Стало быть – не в шесть раз, даже после того, как он полностью вырастет. Есть пределы у того, чего можно ждать от будущего, но каковы бы ни были точные размеры, каков бы ни был зазор между мягким расслабленным состоянием и жесткой готовностью, увеличения этого будет довольно для каждого дня [14] , и для ночи того дня, и для всех ночей и дней, что воспоследуют.

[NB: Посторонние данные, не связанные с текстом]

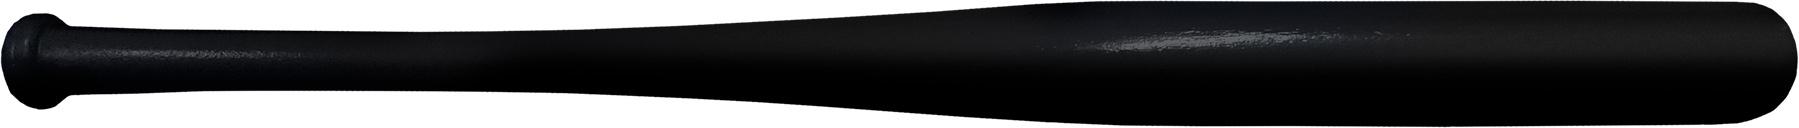 novelty black baseball bat souvenir baseball bat
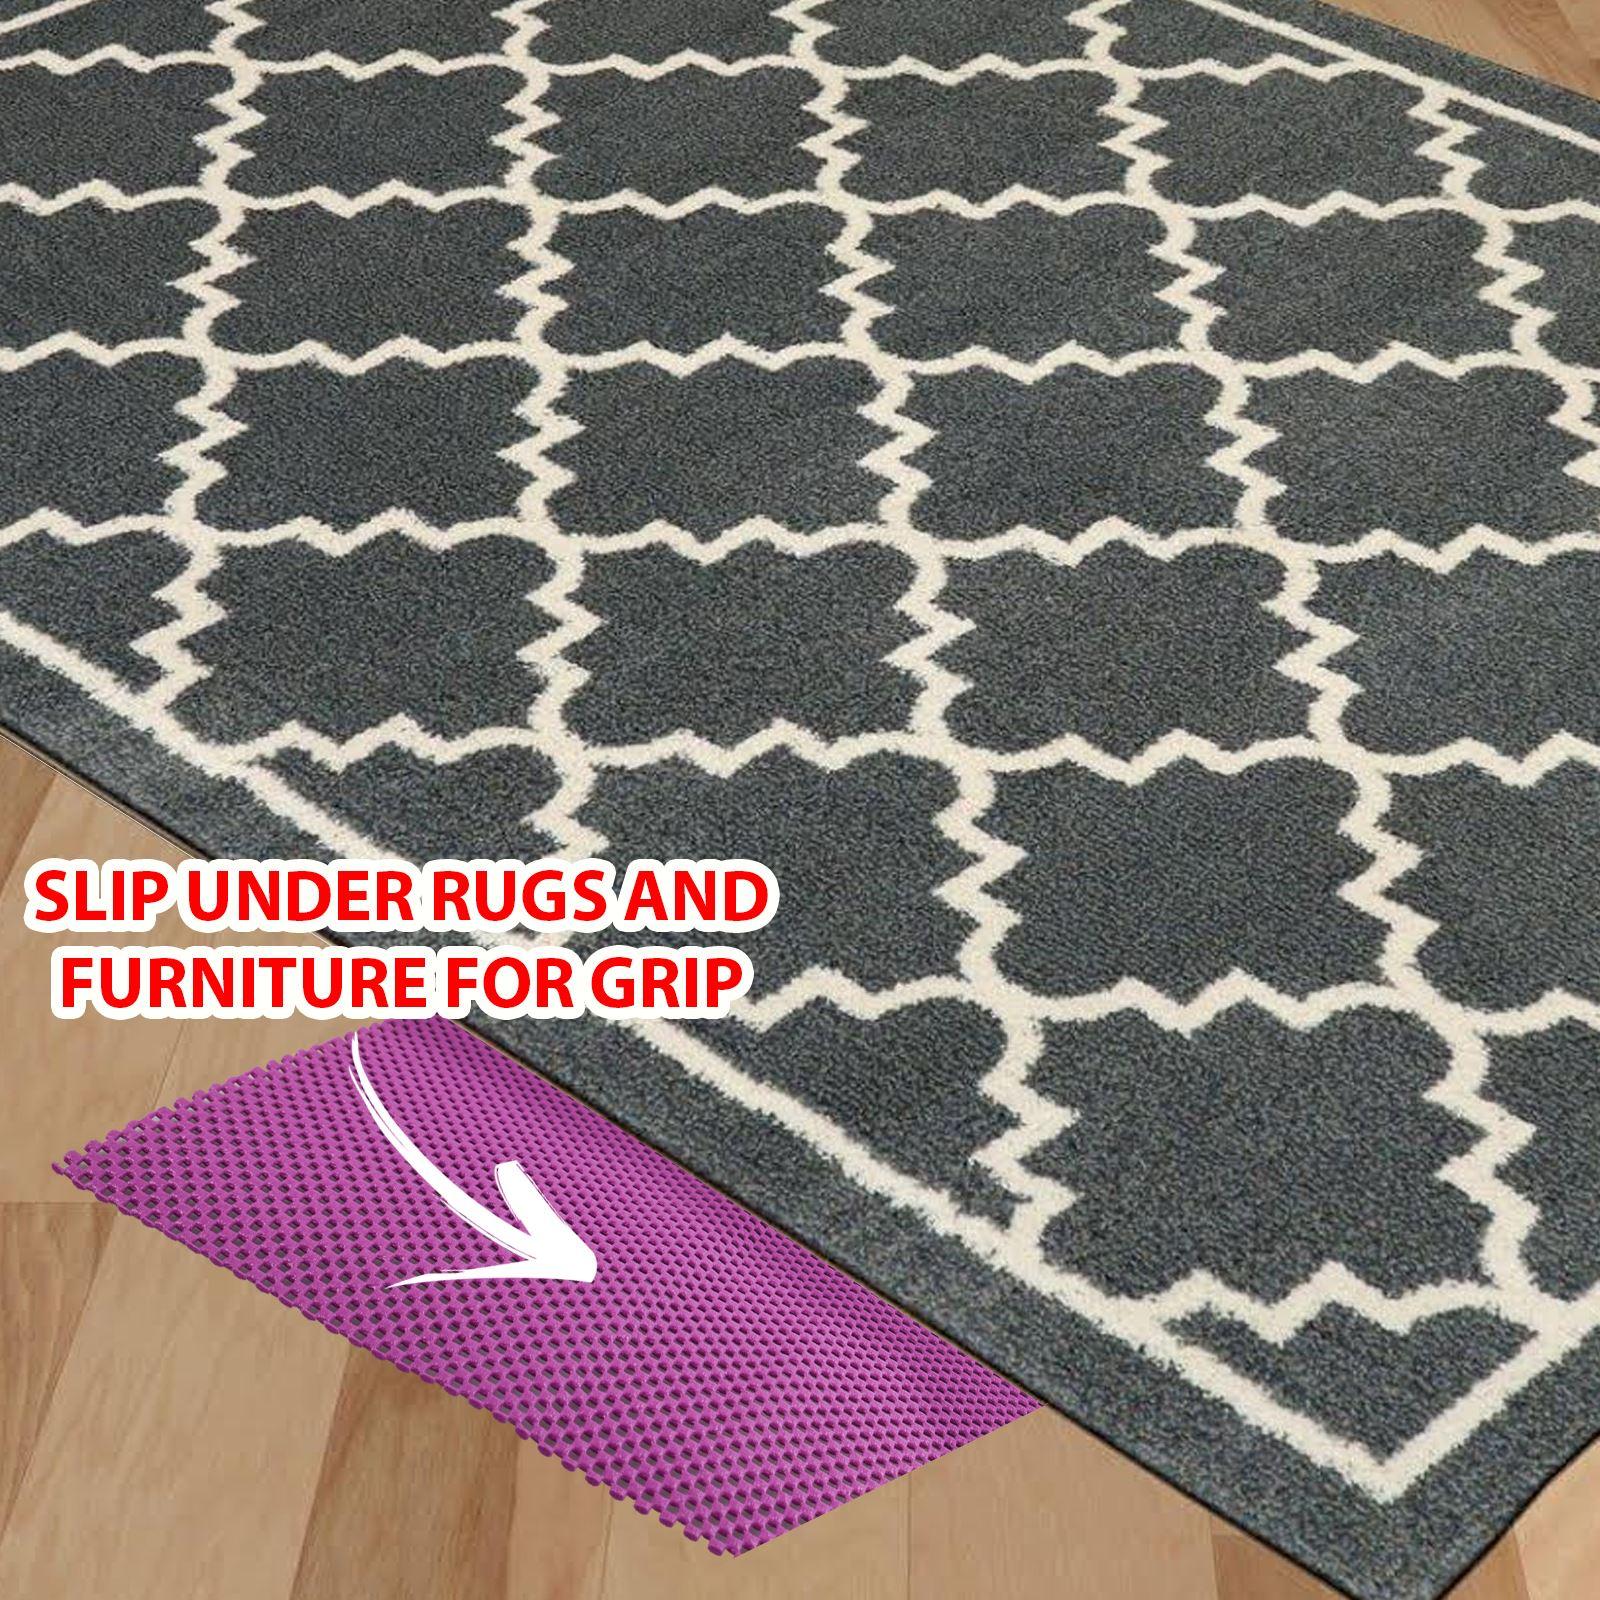 Multi-Purpose-Anti-Non-Slip-Rubber-Mat-Drawer-Liner-Flooring-Gripper-Carpet-Rug thumbnail 20

Старшие классы несомненно превосходили среднюю школу, в которой он пробыл пленником последние семь лет, и, поскольку в конце каждого пятидесятиминутного урока по коридорам носилась тысяча с лишним учащихся, ему уже не приходилось терпеть удушающую сокровенность в узилище класса из двадцати трех или двадцати четырех одних и тех же людей с понедельника по пятницу и с начала сентября до конца июня. Банда Девятерых теперь отступила в прошлое, и даже Кролик и трое его прихлебателей, в общем и целом, скрылись с глаз, поскольку дорожки Фергусона теперь редко пересекались с их тропами. Тиммерман еще присутствовал – был одноклассником Фергусона по четырем предметам, но двое мальчишек сосуществовали мирно лишь благодаря тому, что оба из кожи вон лезли, лишь бы не обращать друг на друга внимания: такой тупик в отношениях был отнюдь не счастливым, но и невыносимым он не был. Что еще лучше, Тиммерман и Сюзи Краусс расстались, как Фергусон и надеялся, а поскольку сам Фергусон за лето утратил связь с Глорией Долан, его первая подружка по поцелуям ныне положила глаз на смазливого Марка Коннелли, что Фергусона разочаровало, но целиком и полностью не раздавило, раз теперь ему открылся путь броситься за Сюзи Краусс, девчонкой, о которой он мечтал в шестом классе, и он взял быка за рога – однажды вечером на первой неделе занятий позвонил ей, что привело к визиту в теннисный центр его отца в субботу днем, что, в свою очередь, привело к их первому поцелую в следующую субботу и множеству других поцелуев в последующие пятницы и субботы на протяжении нескольких месяцев, а затем расстались и они, ибо Сюзи пала в объятия вышеупомянутого Марка Коннелли, который проиграл Глорию Долан мальчику по имени Рик Бассини, а Фергусон стал сохнуть по все более привлекательной Пегги Гольдштейн, которая сколько-то времени назад порвала с Говардом, но лучший друг Фергусона оправился от этого с сердцем своим в целости и сохранности, и теперь это самое сердце предлагал веселой и кипучей Эди Кантор.

14

Мф. 6:34.

Так оно все и продолжалось весь год эфемерных влюбленностей и карусельных романчиков, который также стал годом, когда все больше и больше его друзей являлось в школу со скобками на зубах, и годом, когда все начали тревожиться из-за своей скверной кожи. Фергусон ощущал, что ему повезло. Пока что на лицо его напало всего три или четыре умеренных вулкана, которые он выдавил при первой же возможности, а родители его решили, что зубы у него и так ровные, и подвергать его испытаниям ортодонтии не стали. Мало того, они настояли на том, чтобы он поехал в лагерь «Парадиз» еще на одно лето. Сам он предполагал, что в тринадцать лет для лагеря, возможно, он слишком взросл, а потому на рождественских каникулах спросил у отца, нельзя ли ему июль и август поработать в теннисном центре, но отец рассмеялся на это и сказал, что на работу времени у него будет достаточно и потом. Тебе нужно больше быть на свежем воздухе, Арчи, сказал ему отец, бегать с мальчишками твоего возраста. А кроме того, документы, разрешающие тебе работать, ты получишь только в четырнадцать лет. Раньше в Нью-Джерси нельзя, а ты же не хочешь, чтобы у меня были неприятности из-за того, что я нарушил закон, правда?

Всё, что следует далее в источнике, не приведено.